Increasing Discrepancy Between AIMET Simulation and QNN Models with Network Depth
Hello. I've observed a systematic increase in the difference between AIMET quantization simulation results and actual QNN model outputs as the network depth increases. This discrepancy could potentially impact the reliability of quantization predictions for deeper networks.
Experimental Setup
- Model: Simple residual network
- Each layer consists of: Conv2d(64,64,3) -> BatchNorm2d -> ReLU6
- Input shape: (1, 64, 128, 128)
- Quantization settings:
- 8-bit quantization for both parameters and outputs
- Training range learning with TF initialization scheme
- Per-channel quantization configuration
Observed Behavior
The difference between AIMET simulation and QNN execution increases significantly with network depth:
| Number of Layers | MSE Difference | L1 Difference |
|---|---|---|
| 1 | 5.64e-05 | 0.0012 |
| 3 | 3.77e-04 | 0.0071 |
| 5 | 9.35e-04 | 0.0148 |
| 7 | 2.35e-03 | 0.0275 |
| 9 | 5.58e-03 | 0.0459 |
| 11 | 9.93e-03 | 0.0641 |
| 13 | 1.52e-02 | 0.0818 |
| 15 | 2.36e-02 | 0.1026 |
| 17 | 3.27e-02 | 0.1223 |
| 19 | 4.18e-02 | 0.1374 |
| 21 | 5.88e-02 | 0.1540 |
| 23 | 6.14e-02 | 0.1633 |
| 25 | 7.35e-02 | 0.1825 |
| 27 | 8.77e-02 | 0.1991 |
| 29 | 1.04e-01 | 0.2153 |
Questions
- Is this behavior expected?
- Are there known limitations or assumptions in AIMET simulation that might explain this divergence?
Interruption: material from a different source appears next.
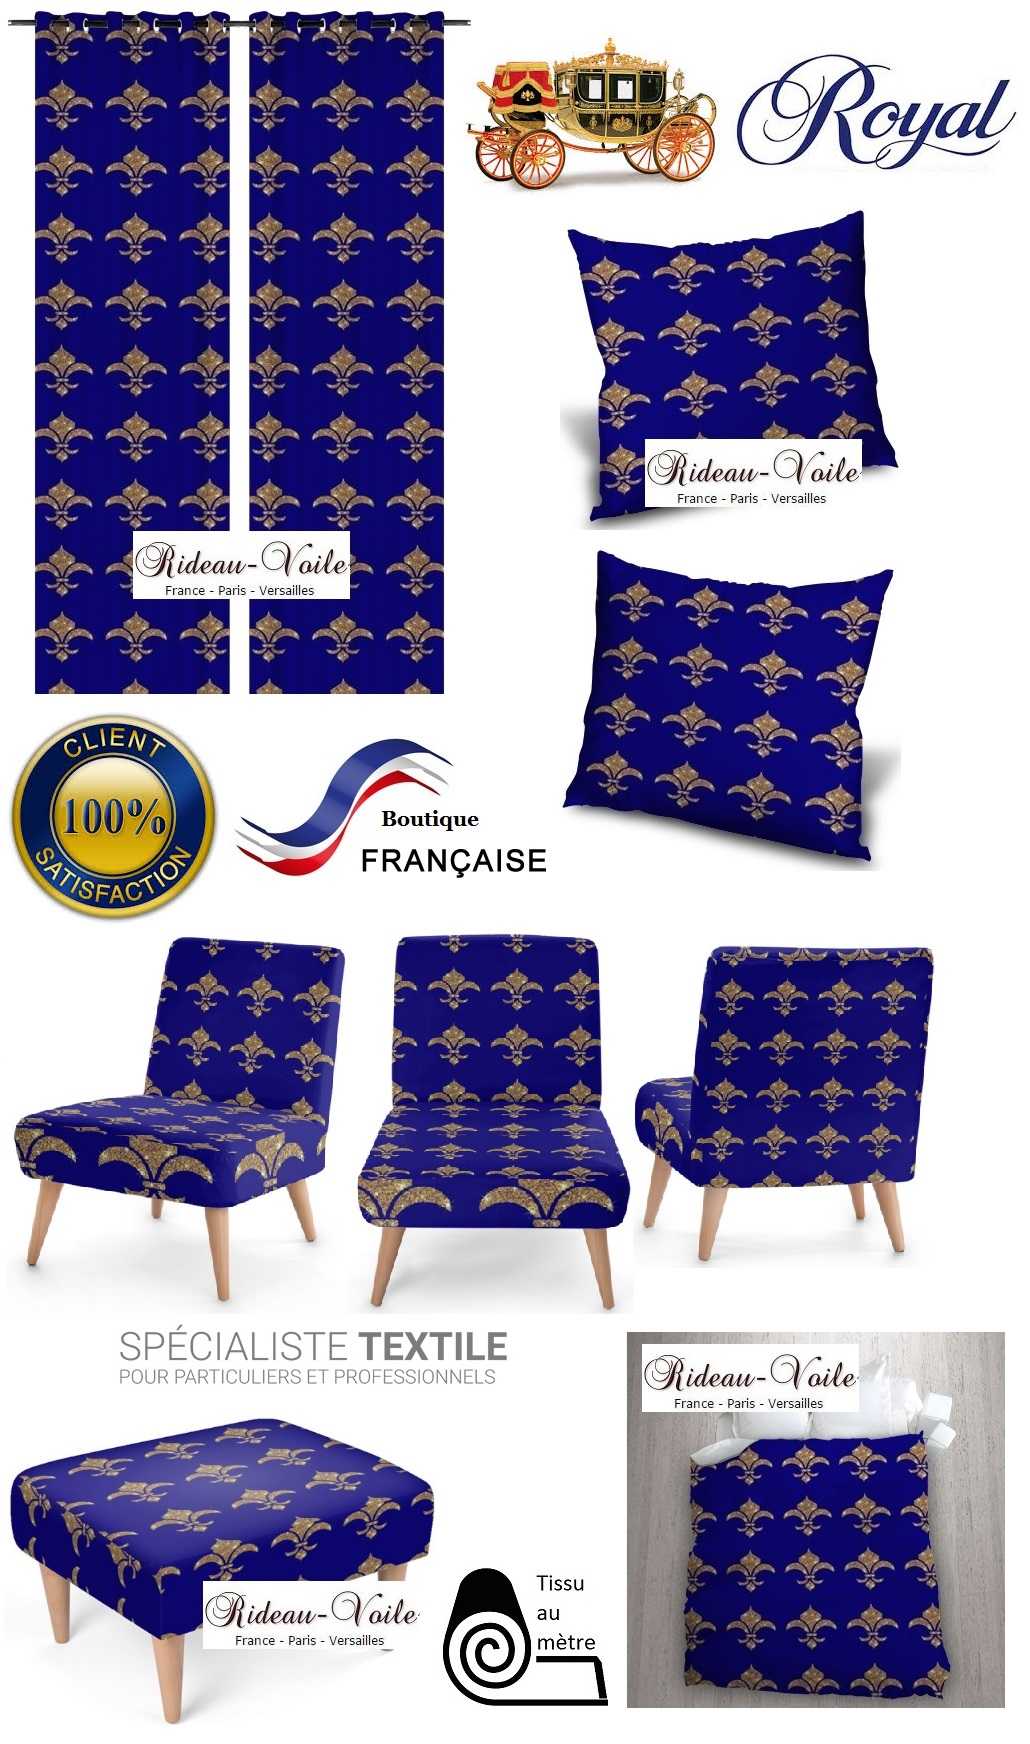 emblème royal fauteuil siège rideau coussin tapisserie garnissage décoration décorateur style Empire fleur de lys or bleu déco luxe Paris Versailles Quebec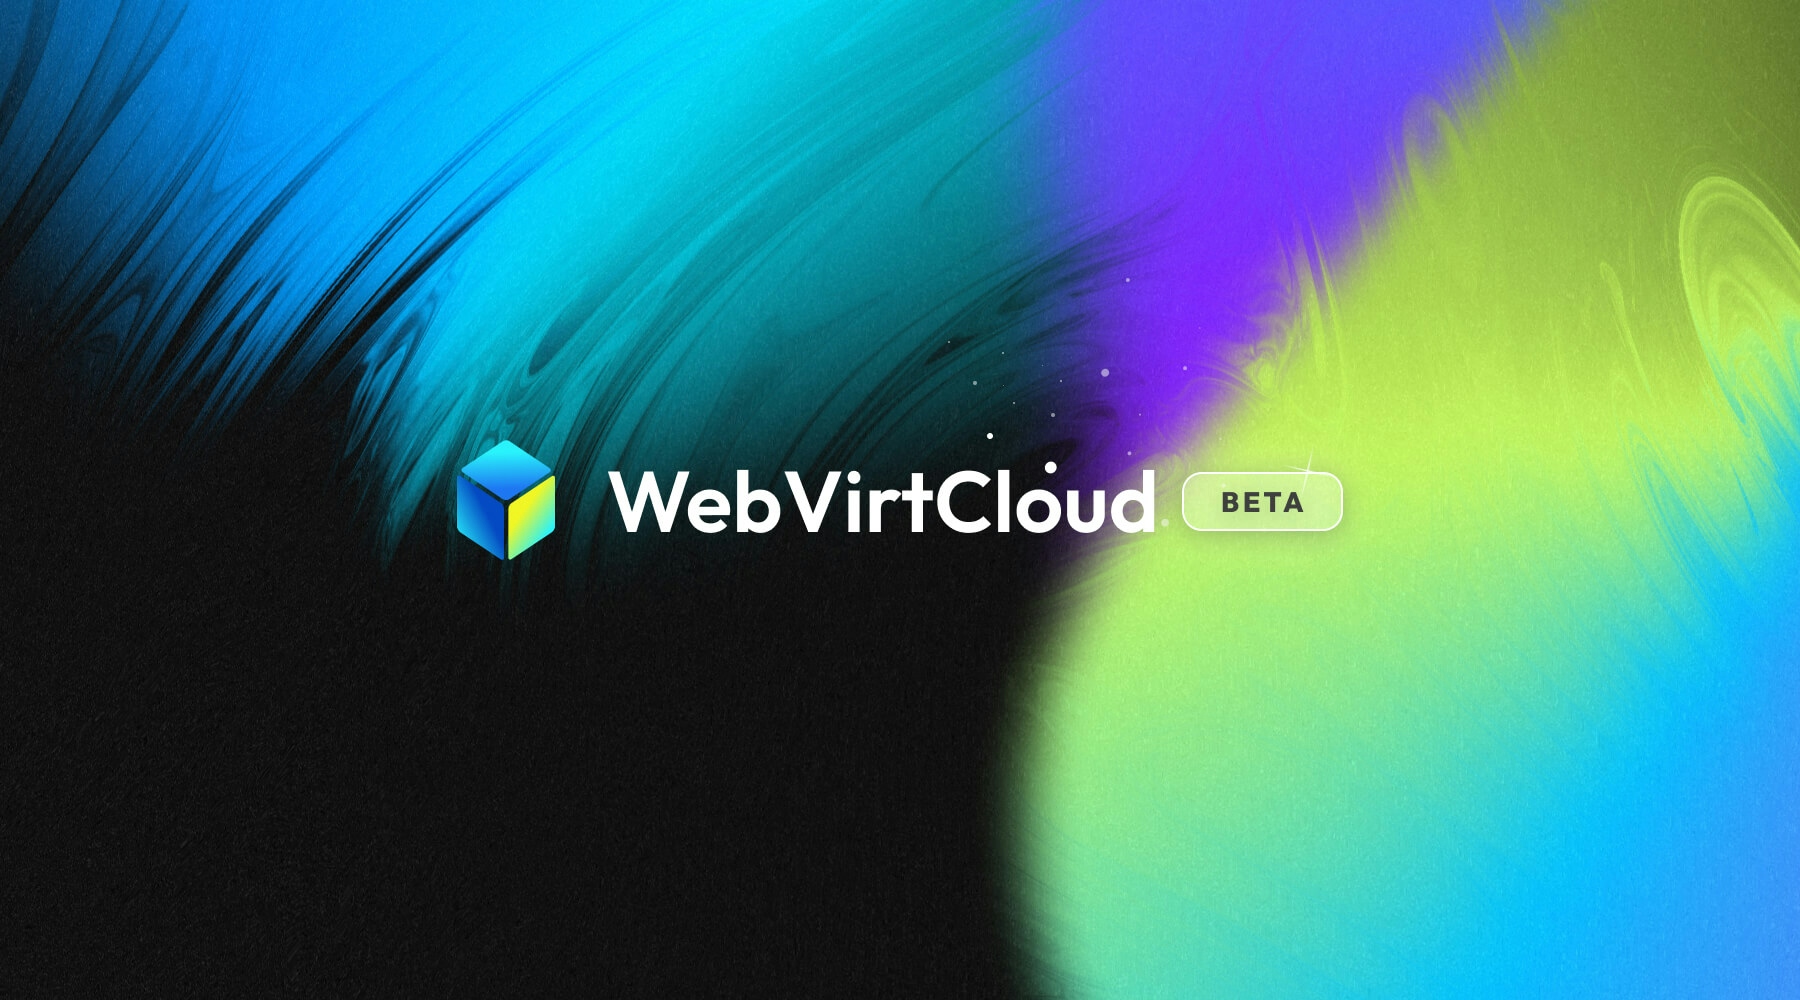 WebVirtCloud Beta Release Announcement

- Are there recommended practices for more accurate simulation of deeper networks?
Reproducible Code
Here's the complete code to reproduce this issue:
import torch
import os
from aimet_common.defs import QuantScheme
from aimet_common.quantsim_config.utils import get_path_for_per_channel_config
from aimet_torch.quantsim import QuantizationSimModel
from aimet_torch import model_preparer
from aimet_torch import batch_norm_fold
import qai_hub as hub
import shutil
torch.manual_seed(1517)
class SimpleModel(torch.nn.Module):
def __init__(self, num_layers=10):
super(SimpleModel, self).__init__()
self.features = torch.nn.ModuleList([torch.nn.Sequential(
torch.nn.Conv2d(64, 64, 3, padding="same"),
torch.nn.BatchNorm2d(64),
torch.nn.ReLU6(),
) for _ in range(num_layers)])
def forward(self, x):
for layer in self.features:
x = torch.add(x, layer(x))
return x
input_shape = (1, 64, 128, 128)
def main(num_layers: int):
# Step 1: Create and prepare model
model = SimpleModel(num_layers)
model = model_preparer.prepare_model(model) # Prepare for quantization
batch_norm_fold.fold_all_batch_norms(model, input_shapes=input_shape) # Fold BN for better quantization
# Step 2: Setup quantization simulation
dummy_input = torch.randn(input_shape) # Create random input tensor
sim = QuantizationSimModel(
model,
dummy_input=dummy_input,
quant_scheme=QuantScheme.training_range_learning_with_tf_init, # Use TF initialization
default_param_bw=8, # 8-bit quantization for parameters
default_output_bw=8, # 8-bit quantization for activations
config_file=get_path_for_per_channel_config() # Use per-channel quantization
)
# Step 3: Calibrate the quantization parameters
def pass_calibration_data(model: torch.nn.Module):
model.eval()
# Pass random data through model 10 times for calibration
for _ in range(10):
model(torch.randn(input_shape))
sim.compute_encodings(pass_calibration_data)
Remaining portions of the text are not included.